Tapi, "fogging" juga seringnya tak efektif?Ya, kita memang sulit melakukan fogging secara menyeluruh. Banyak alasannya. Bukan saja ada bagian-bagian rumah yang selalu luput dan tak terkena semprotan karena dilarang oleh pemilik rumah, tapi juga banyak pemilik rumah yang terang-terangan melarang rumahnya disemprot. Jadinya, ya nyamuk di satu rumah atau bagian tertentu rumah memang mati, tapi karena rumah atau bagian rumah yang tak disemprot, jadilah nyamuk bersembunyi di dalamnya.
Bagian mana atau tempat-tempat apa saja yang potensial menjadi sarang nyamuk?Dari hasil penelitian saya, rumah-rumah yang berpenghuni dan diurus dengan baik, biasanya relatif aman bagi penghuninya. Tapi, bangunan-bangunan umum seperti masjid, sekolah, terminal, pasar, dan rumah-rumah yang tak berpenghuni, selalu ditemukan banyak nyamuk. Iklan-iklan di tv itu yang memerintahkan menguras bak mandi, tidak seluruhnya tepat. Harus dilihat dulu bak mandinya dan juga lokasi rumahnya. Bagi rumah yang sumber airnya melimpah, mungkin saja menguras bak mandi menjadi keharusan. Tapi bagi rumah-rumah yang berlokasi di daerah dengan sumber air sulit, menguras bak mandi itu sama saja dengan buang-buang air. Sudah air sulit didapat, begitu sudah terkumpul malah dibuang-buang, kan sayang. Makanya, bagi daerah yang sulit air, tidak selalu harus menguras bak mandi, tapi bisa juga dengan penambahan abathe.

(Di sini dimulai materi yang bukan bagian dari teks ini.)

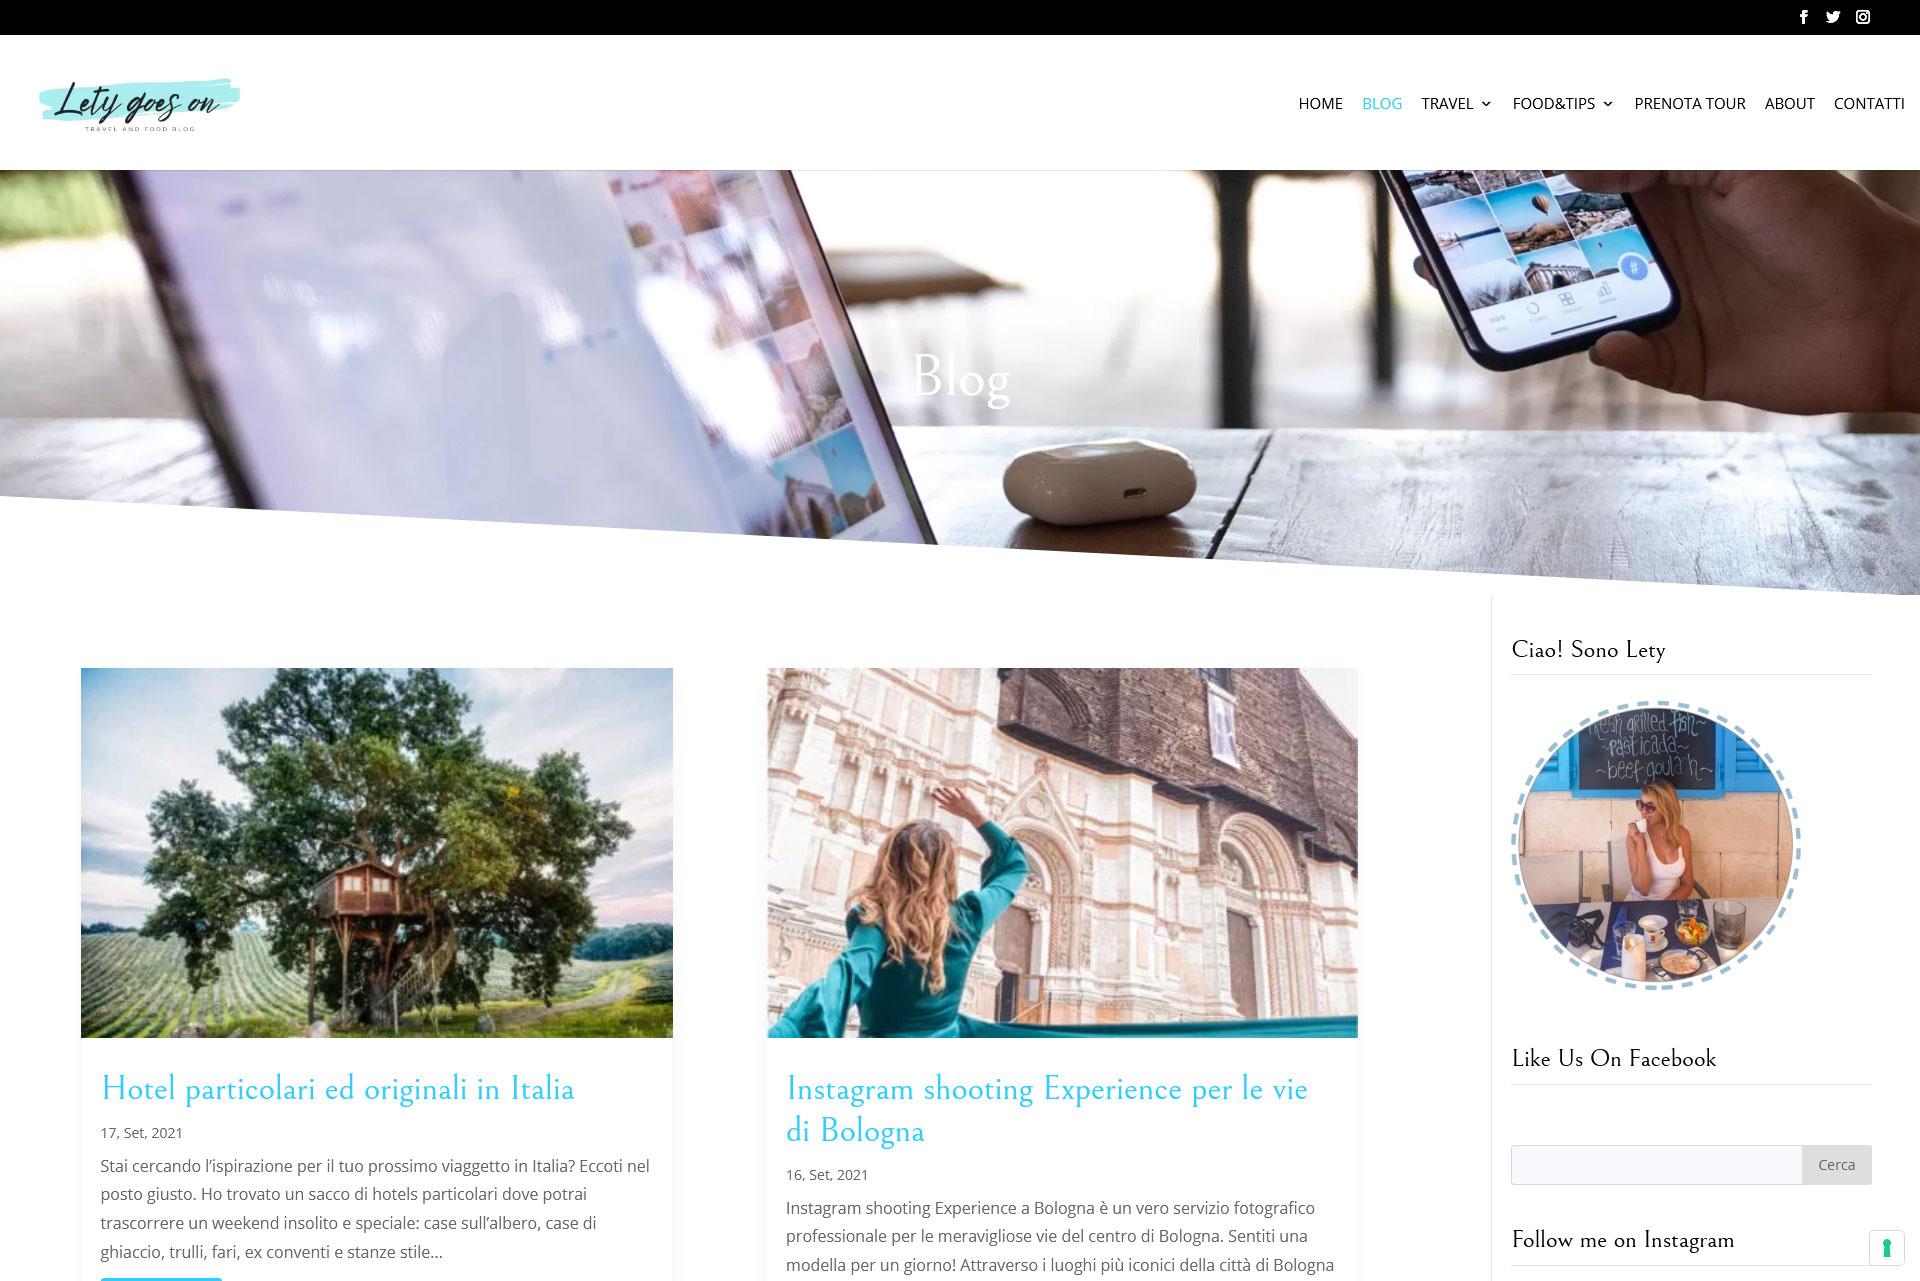 lv-design-realizzazione-siti-web-bologna-portfolio-lety-goes-on-slide-3

Bagaimana dengan kampanye pencegahan DBD yang dibuat pemerintah atau kelompok tertentu?Kita kampanyenya asal buat. Beda misalnya dengan Singapura. Singapura selalu menguji terlebih dahulu setiap slogan kampanye yang akan disosialkan kepada masyarakat. Berdasarkan hasil penelitian itulah, baru kemudian dibuat slogan kampanye. Misalnya, dari hasil penelitian ditemukan nyamuk bersarang di talang-talang air rumah. Makanya, kemudian pemerintah mengeluarkan kebijakan larangan pembuatan talang air di setiap rumah. Setiap developer diwajibkan mematuhi aturan itu, tanpa talang dan membiarkan air langsung jatuh, sehingga tak ada peluang bagi nyamuk untuk bersarang.
Bagaimana dengan ketersediaan zat penolak nyamuk secara alami?Zat penolak nyamuk memang ada. Yang buatan sudah banyak di toko dengan berbagai macam merek. Sedangkan yang alami, nenek moyang kita dulu selalu mengoles minyak kayu putih saat digigit nyamuk. Itu ternyata bukan saja mengamuflase bau badan sehingga nyamuk tidak tertarik, tapi juga sekaligus mengusir nyamuk.
Sikap masyarakat sendiri menghadapi nyamuk?Ini juga ada yang unik. Kita, kalau lihat laba-laba, satu saja, jaraknya jauh lagi, langsung merasa jijik, atau malah takut. Tapi, begitu melihat nyamuk, "cuek" saja. Asal tidak mengganggu, ya "cuek". Padahal, jangan sepelekan nyamuk, karena satu ekor bisa saja membunuh 50 orang. Jadi, sekarang pandangan masyarakat tentang nyamuk harus diubah, jika lihat seekor nyamuk, ingatlah 50 orang yang tergeletak tak berdaya di rumah sakit.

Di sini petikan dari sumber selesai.